OAKLAND, Calif. - Flashing past on the auditorium's giant screen, they displayed the same ominous pattern - an upward climb, a peak, a downward turn followed by a sharp, unbroken plunge.
Each graph - median home values, property assessments, sales tax revenues, investment income - represented revenues supporting health and human services provided by Alameda County, across the bay from San Francisco. They provided a visual counterpoint to the presentations at a county Board of Supervisors' Feb. 25 budget forum aptly titled, "The Worst is Yet to Come."
What is rising, Alameda County Supervisor Keith Carson told the assembled county workers, community organization leaders and members of the public, is the need for food stamps, welfare and health care programs and other supportive services, with counties paying part of the costs.
The supervisors can allocate just 27 percent of the $2.4 billion county budget to meet county needs, said County Administrator Susan Muranishi. Most of this "discretionary spending" funds the county's share of programs receiving federal funds. Based largely based on property taxes, it has taken an enormous hit during the financial crisis.
County budgets must be balanced; Alameda County was forced to cut a number of programs to close its $177.6 million gap, including a much-protested slashing of already tiny General Assistance grants for recipients deemed "employable."

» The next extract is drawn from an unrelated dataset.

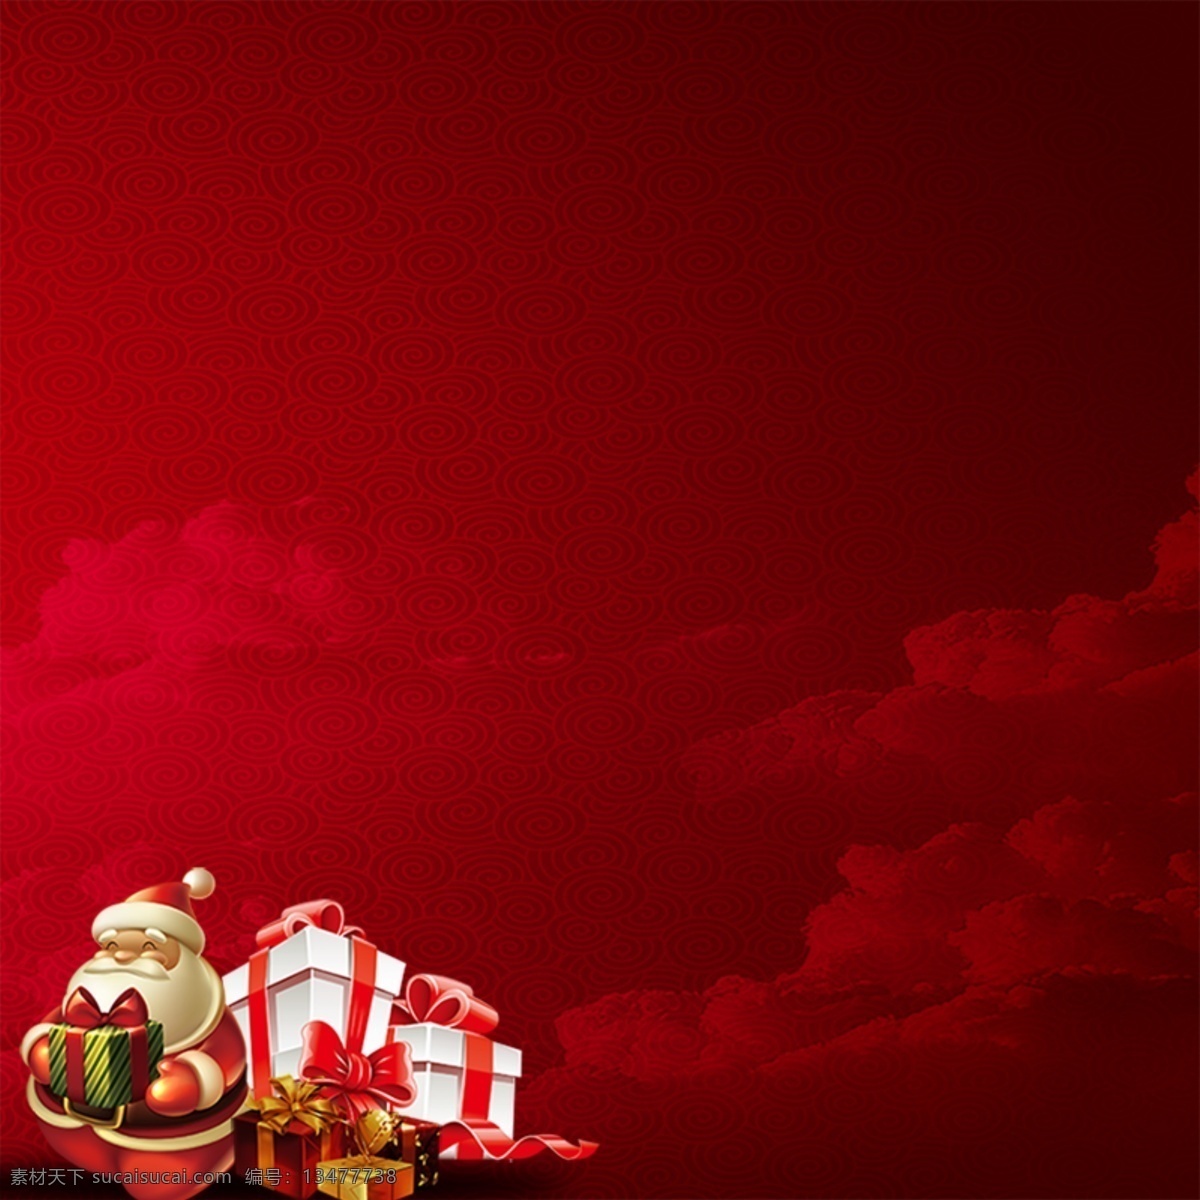 圣诞节主图 圣诞 直通 车主 图 模板 圣诞节 促销 主 红色

Alameda County's official 10.9 percent unemployment rate "is the best indicator of the need for county services," Carson said, noting that joblessness also sharply affects revenues. The official county figure of 87,000 jobless could rise sharply this spring, he added, unless Toyota rescinds its impending closure of the New United Motor Manufacturing Co., Inc. auto plant. If the plant closes, nearly 5,000 workers there and another 25,000 or more workers in its supply network would lose their jobs, while the county would lose millions in taxes.
Alameda County also faces the prospect of slashed state funding as the Democrat-led legislature and Republican Governor Arnold Schwarzenegger struggle to close a $20 billion state budget gap.
Schwarzenegger is threatening to cut or end some of the very programs experiencing soaring demand, Carson said, including the Calworks welfare-to-work program, MediCal (state Medicaid) and In-Home Supportive Services enabling aged and disabled people to live at home.
California has struggled for years to cope with growing budget gaps. It is the only state requiring a two-thirds legislative vote to pass a budget or raise taxes; the Democrats' legislative majority falls short of that and nearly all Republicans have taken a "no new taxes" pledge. Several measures, including a constitutional amendment, have been initiated to end the requirement.
Interviewed after the forum, Carson said he strongly supports undoing the two-thirds requirement. "At this point the legislature has become basically intractable, and the ability of the Republicans to stall anything and even to prevent an honest debate and discussion is leading to a breakdown of the legislative process," he said.
Noting that many other states also face severe fiscal crises, Carson emphasized that as states, and the federal government, shift programs to local governments, they have a responsibility "not just to pass the pain along," but to provide "a long-term, appropriate funding source. On the county level it's direct services that affect the lives of people," he said.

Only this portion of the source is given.